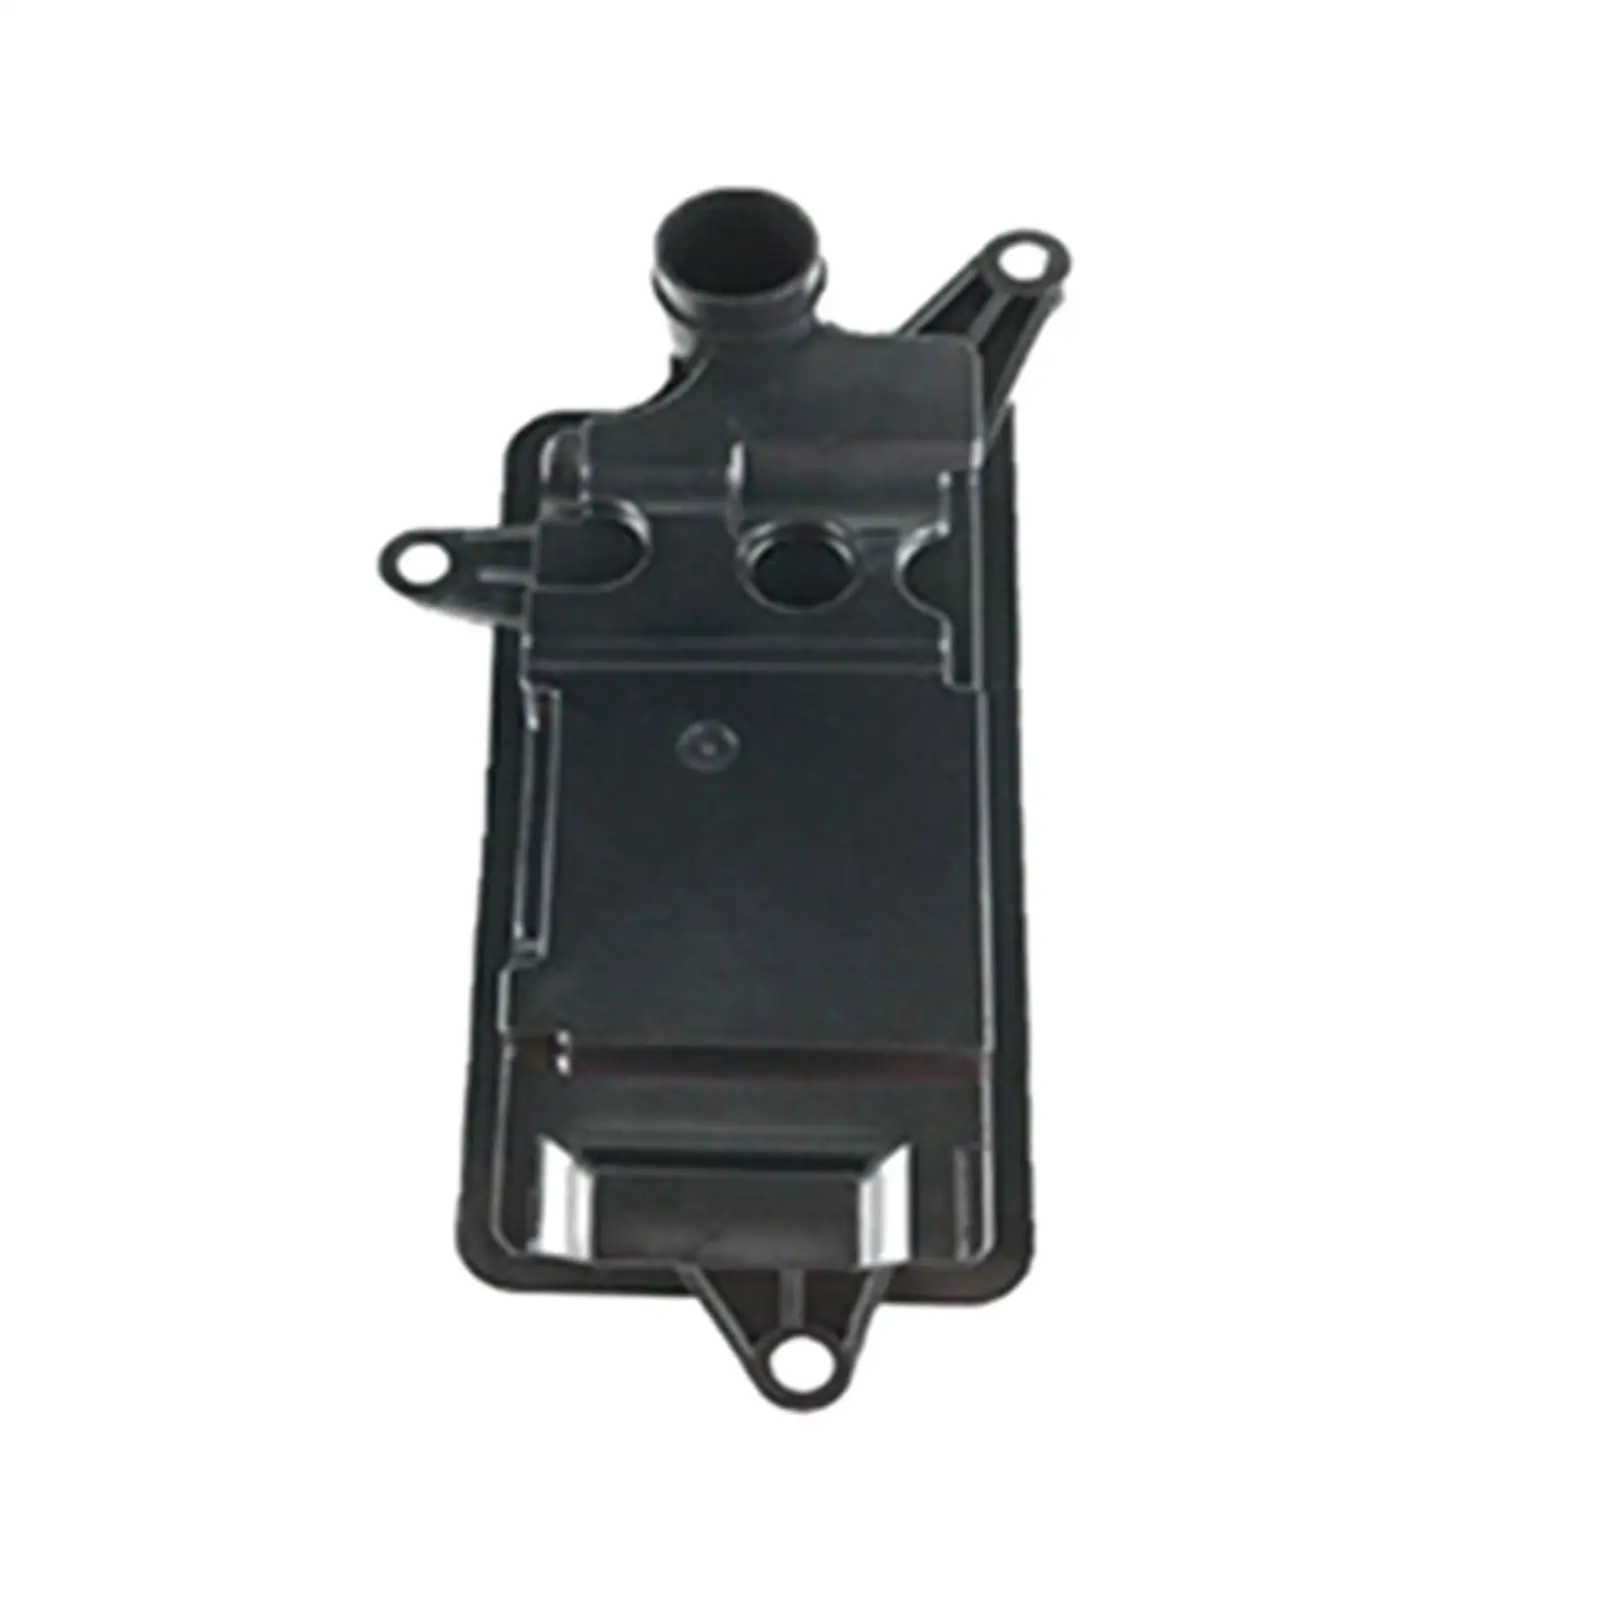 Transmission Filter Cooler Gasket 69710U Black Durable Replaces for Subaru
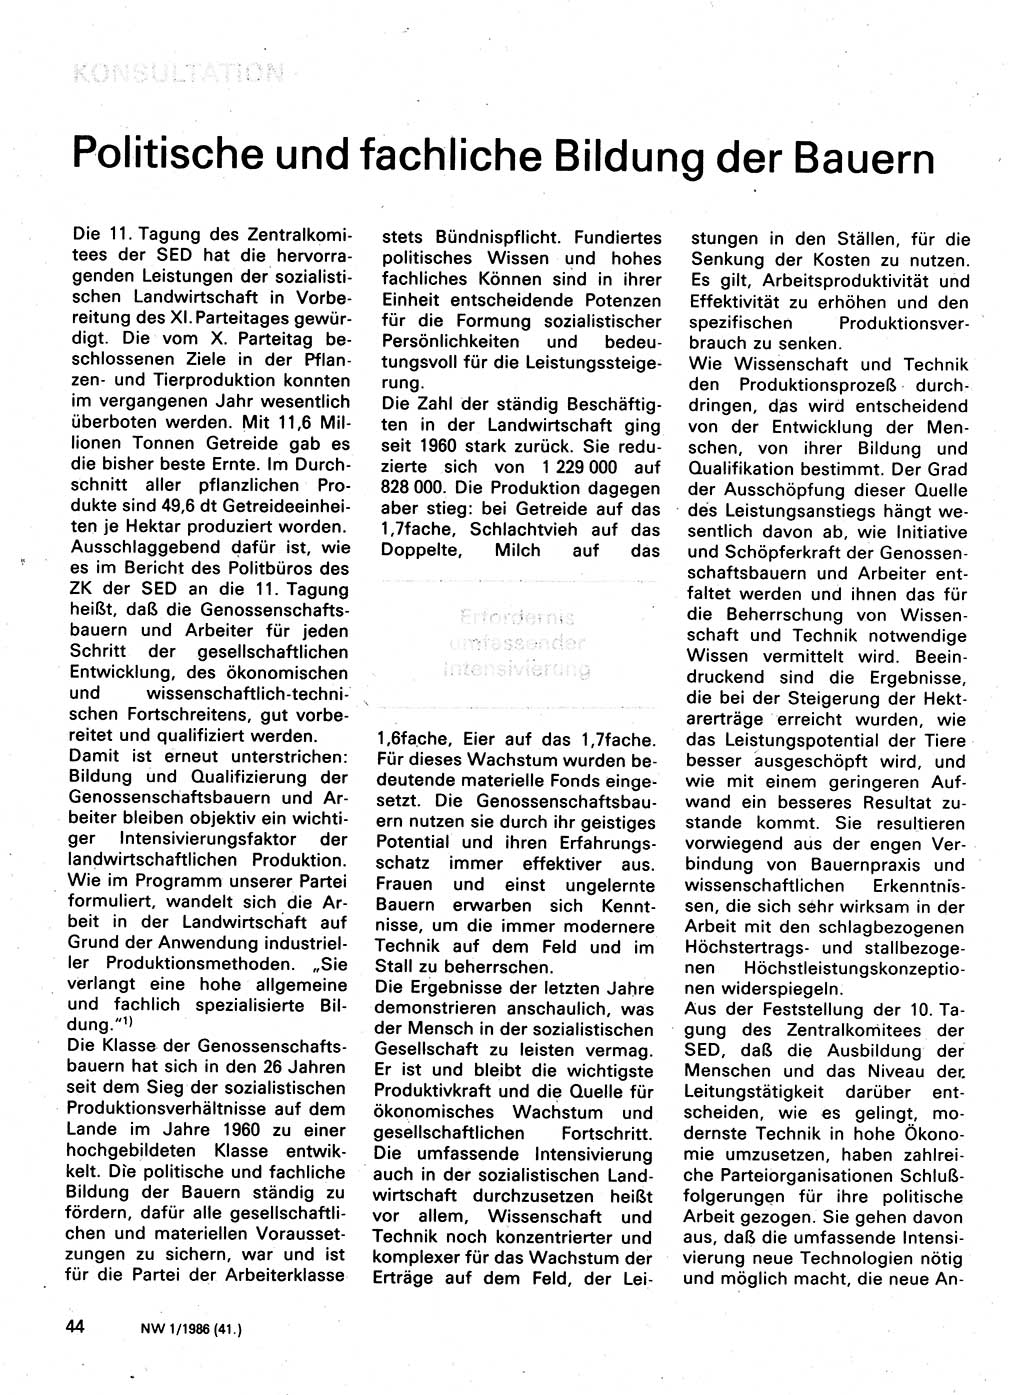 Neuer Weg (NW), Organ des Zentralkomitees (ZK) der SED (Sozialistische Einheitspartei Deutschlands) für Fragen des Parteilebens, 41. Jahrgang [Deutsche Demokratische Republik (DDR)] 1986, Seite 44 (NW ZK SED DDR 1986, S. 44)
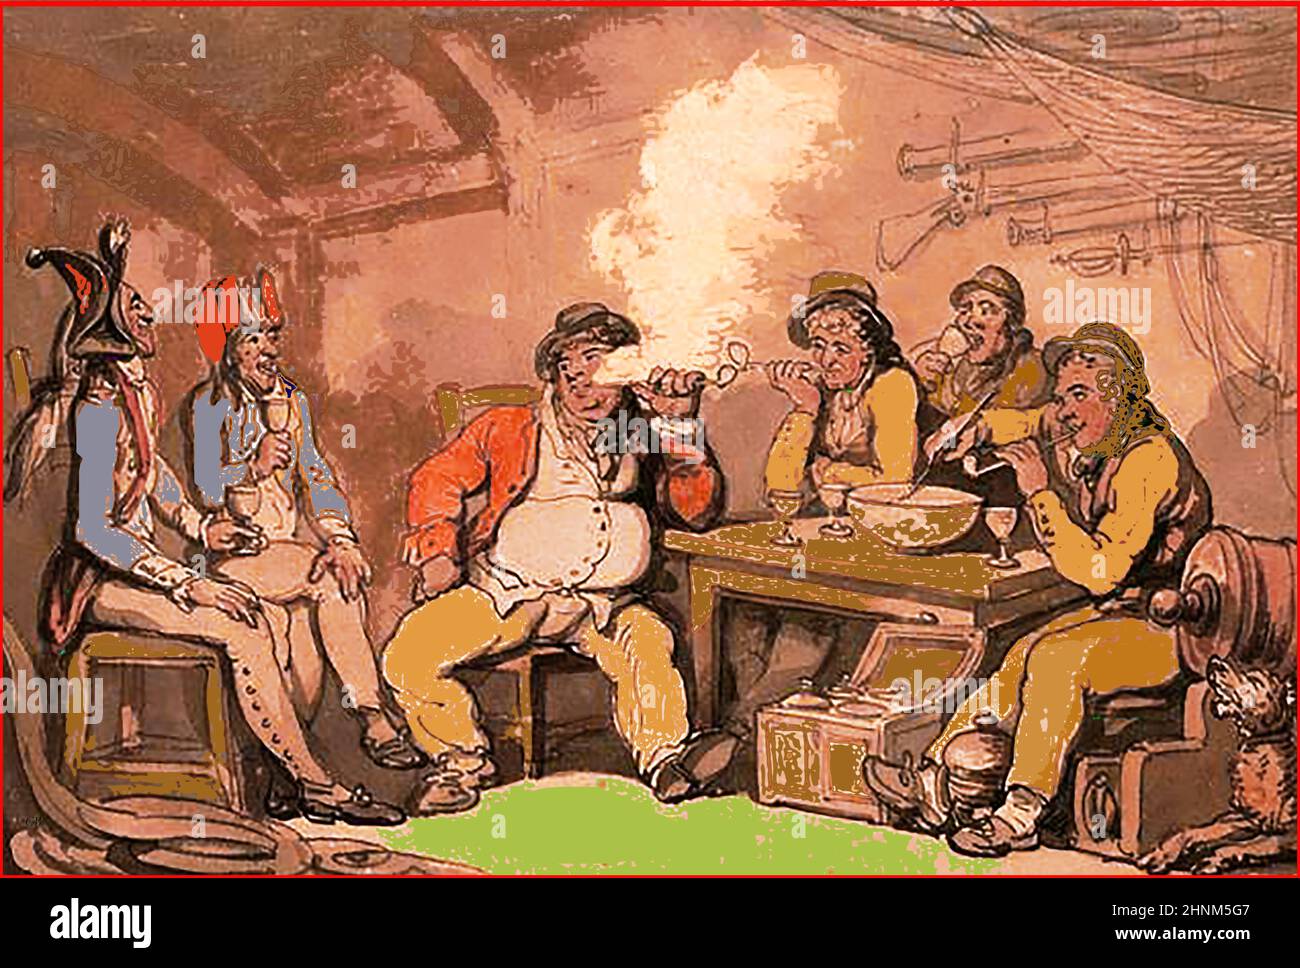 Illustration de couleur du 18th siècle montrant des prisonniers français à bord d'un britannique (marchand ?) navire étant bien traité , probablement à des fins de propagande Banque D'Images
☆ ☆ ☆ ☆ ☆
Write the listing out exactly, apart from its pictures.

Written answer.
 Transmission Filter Cooler Gasket 69710U Black Durable Replaces for Subaru
 Neuer Weg (NW), Organ des Zentralkomitees (ZK) der SED (Sozialistische Einheitspartei Deutschlands) für Fragen des Parteilebens, 41. Jahrgang [Deutsche Demokratische Republik (DDR)] 1986, Seite 44 (NW ZK SED DDR 1986, S. 44)
 Illustration de couleur du 18th siècle montrant des prisonniers français à bord d'un britannique (marchand ?) navire étant bien traité , probablement à des fins de propagande Banque D'Images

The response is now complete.